Mit dem zur hg. Zl. 96/04/0077 protokollierten Antrag begehrt die Beschwerdeführerin die Wiederaufnahme des mit Beschluß vom 19. Dezember 1995, Zl. 95/04/0175-5, eingestellten Verfahrens mit der Begründung, sie habe innerhalb der ihr gesetzten Frist ordnungsgemäß und fristgerecht eine weitere Gleichschrift der Beschwerde vorgelegt, sodaß ihr zu Unrecht eine Versäumung dieser Frist im Einstellungsbeschluß vorgeworfen worden sei. Tatsächlich sei in der mangelnden Unterschrift der fristgerecht vorgelegten Gleichschrift wieder ein Fall des § 34 Abs. 2 VwGG vorgelegen. Die nicht unterschriebene Gleichschrift hätte der Beschwerdeführerin daher unter Setzung einer Frist zur Bereinigung dieses Formmangels durch Unterfertigung seitens des Anwaltes zurückgestellt werden müssen. Das ergebe sich schon daraus, daß ansonsten jede - irrtümlicherweise - nicht unterfertigte Beschwerde nach Ablauf der sechswöchigen Frist die Einstellung des Verfahrens nach sich ziehen müßte. Der Verwaltungsgerichtshof verkenne hier, daß kein Einstellungsgrund, sondern ein entsprechend dem § 34 Abs. 2 VwGG zu sanierendes Gebrechen vorliege.

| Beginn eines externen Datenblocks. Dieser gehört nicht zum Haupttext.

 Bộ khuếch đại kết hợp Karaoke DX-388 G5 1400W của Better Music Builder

Gemäß § 45 Abs. 2 Z. 4 VwGG ist die Wiederaufnahme eines durch Erkenntnis oder Beschluß abgeschlossenen Verfahrens auf Antrag einer Partei zu bewilligen, wenn im Verfahren vor dem Gerichtshof den Vorschriften über das Parteiengehör nicht entsprochen wurde und anzunehmen ist, daß sonst das Erkenntnis oder der Beschluß anders gelautet hätte.

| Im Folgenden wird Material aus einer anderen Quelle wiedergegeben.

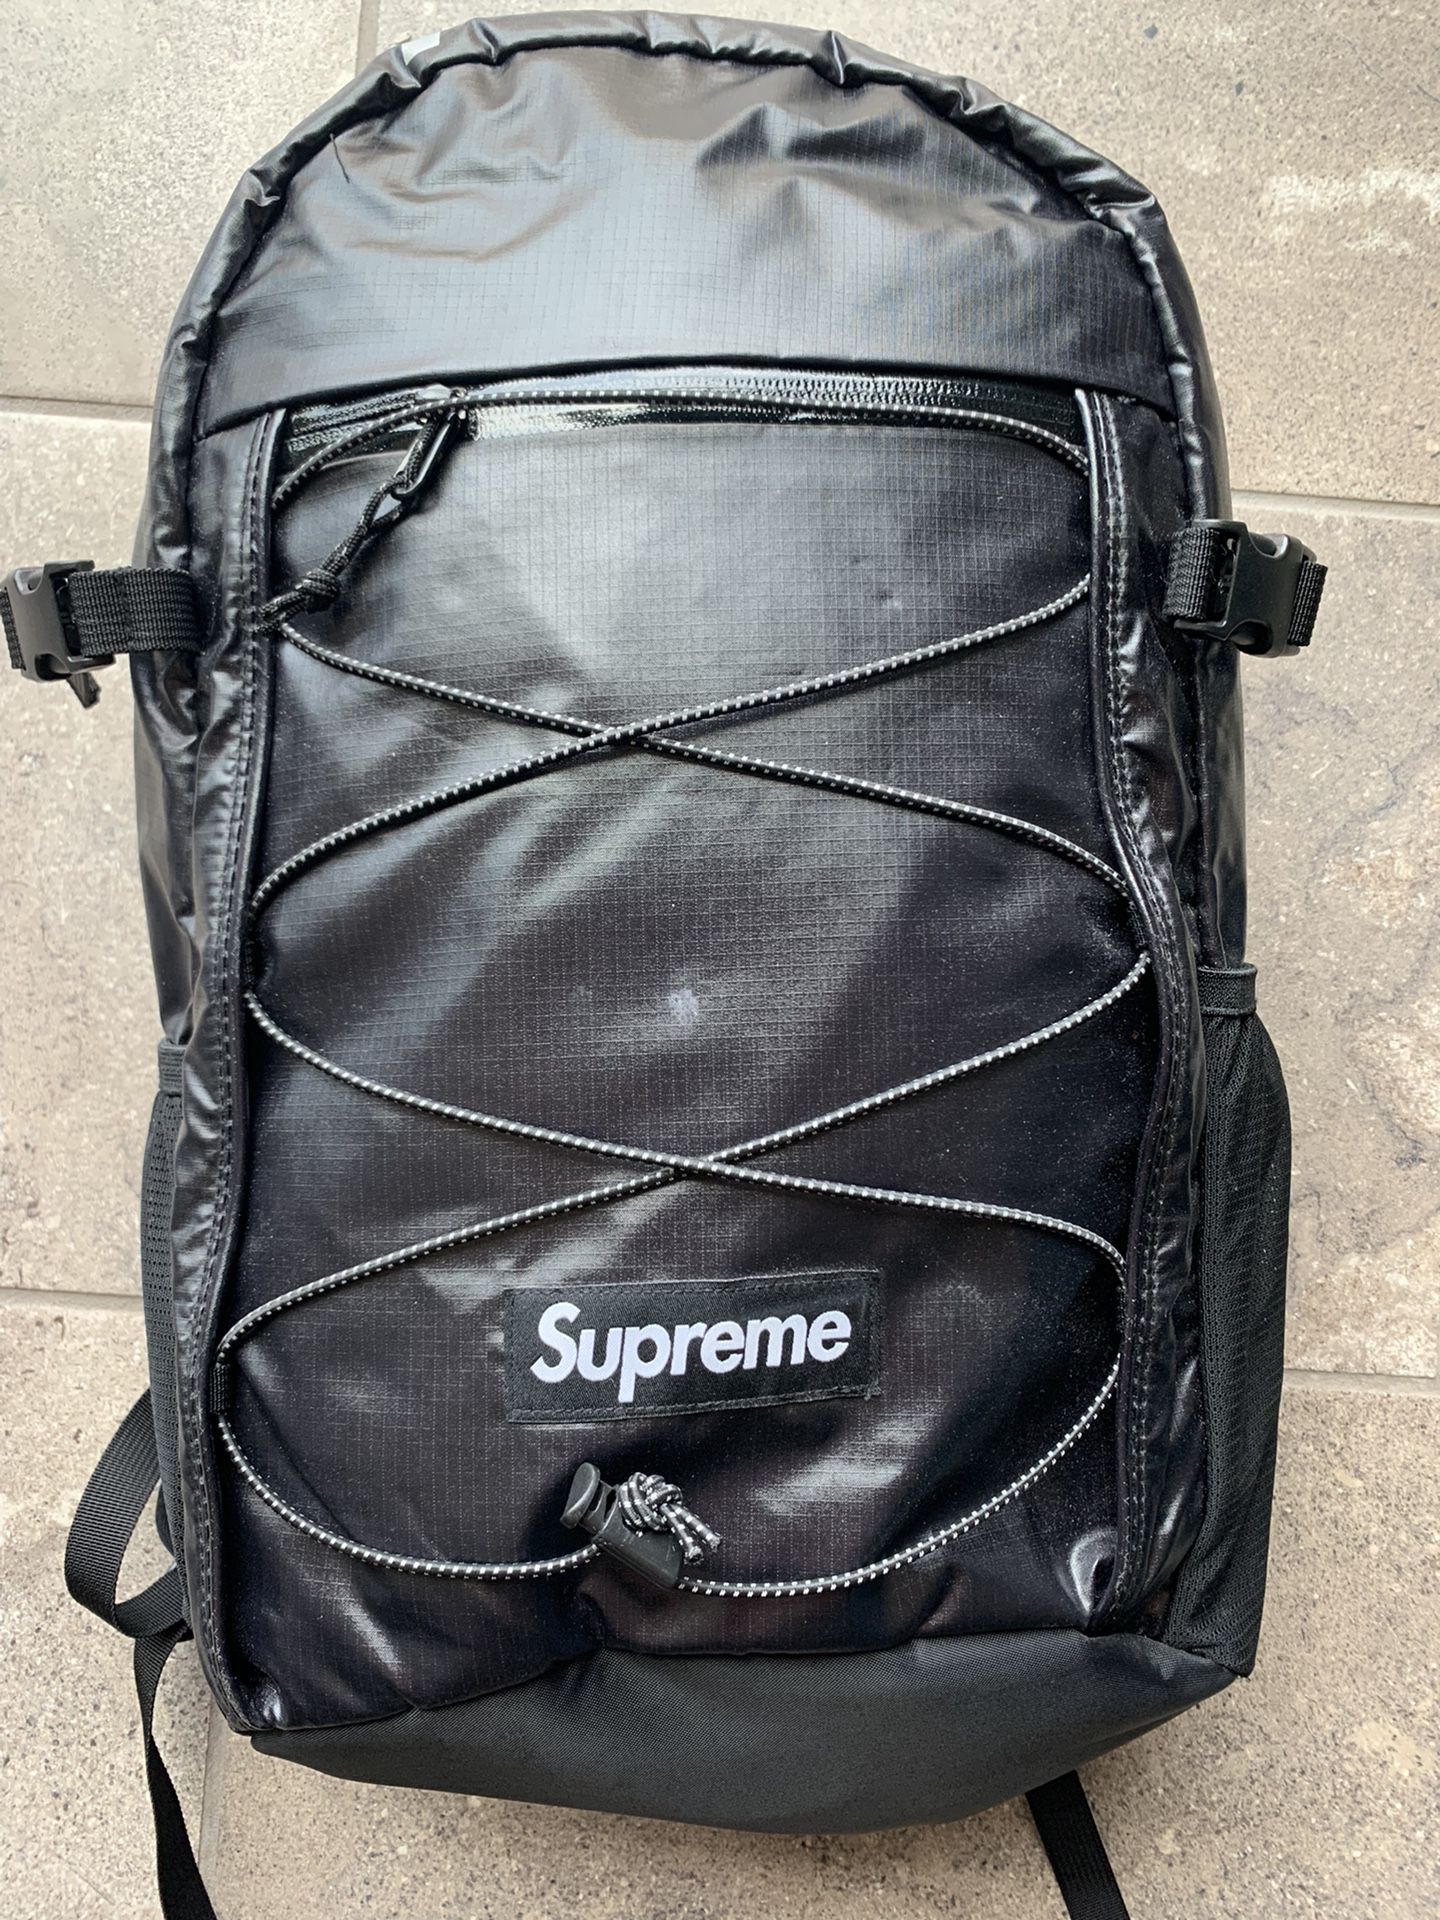 Supreme Black Backpack

Der Verwaltungsgerichtshof hat in seinem Beschluß vom 21. Oktober 1986, Zl. 86/04/0204, ausgesprochen, daß die Unterlassung eines erforderlichen Mängelbehebungsauftrages eine Verletzung des Parteiengehörs im Sinne der zitierten Bestimmung bildet. Die Beschwerdeführerin irrt allerdings, wenn sie meint, ein solcher Fall (den die Antragstellerin allerdings § 45 Abs. 2 Z. 2 VwGG unterstellt) läge hier vor, weil es der Verwaltungsgerichtshof unterlassen habe, ihr neuerlich einen Auftrag zur Mängelbehebung im Sinne des § 34 Abs. 2 VwGG zwecks Beibringung der Unterschrift des Rechtsanwaltes auf der zusätzlich vorgelegten Beschwerdeausfertigung zu erteilen. Denn die Vorlage des nicht mit der Unterschrift des Rechtsanwaltes versehenen Beschwerdeschriftsatzes bildet entgegen der Rechtsansicht der Beschwerdeführerin nicht etwa eine Erfüllung des ursprünglich erteilten Mängelbehebungsauftrages, die ihrerseits einer Verbesserung allfälliger anhaftender Form- oder Inhaltsmängel zugänglich wäre. Wie der Verwaltungsgerichtshof bereits in seinem Einstellungsbeschluß vom 19. Dezember 1995, Zl. 95/04/0175-4, dargestellt hat, kann vielmehr dieser Vorgang überhaupt nicht als Befolgung des Mängelbehebungsauftrages angesehen werden, sodaß dadurch die im § 34 Abs. 2 VwGG normierte Fiktion der Zurückziehung der Beschwerde eintrat. War die Beschwerde aber als zurückgezogen anzusehen, war für einen weiteren Mängelbehebungsauftrag kein Raum.

Aus diesem Grund liegt aber auch der von der Beschwerdeführerin angezogene Wiederaufnahmsgrund des § 42 Abs. 2 Z. 2 VwGG, wonach die Wiederaufnahme zu bewilligen ist, wenn das Erkenntnis oder der Beschluß auf einer nicht von der Partei verschuldeten irrigen Annahme der Versäumung einer Frist beruht, keinesfalls vor.

Dem Antrag auf Wiederaufnahme des eingestellten Verfahrens war daher nicht stattzugeben.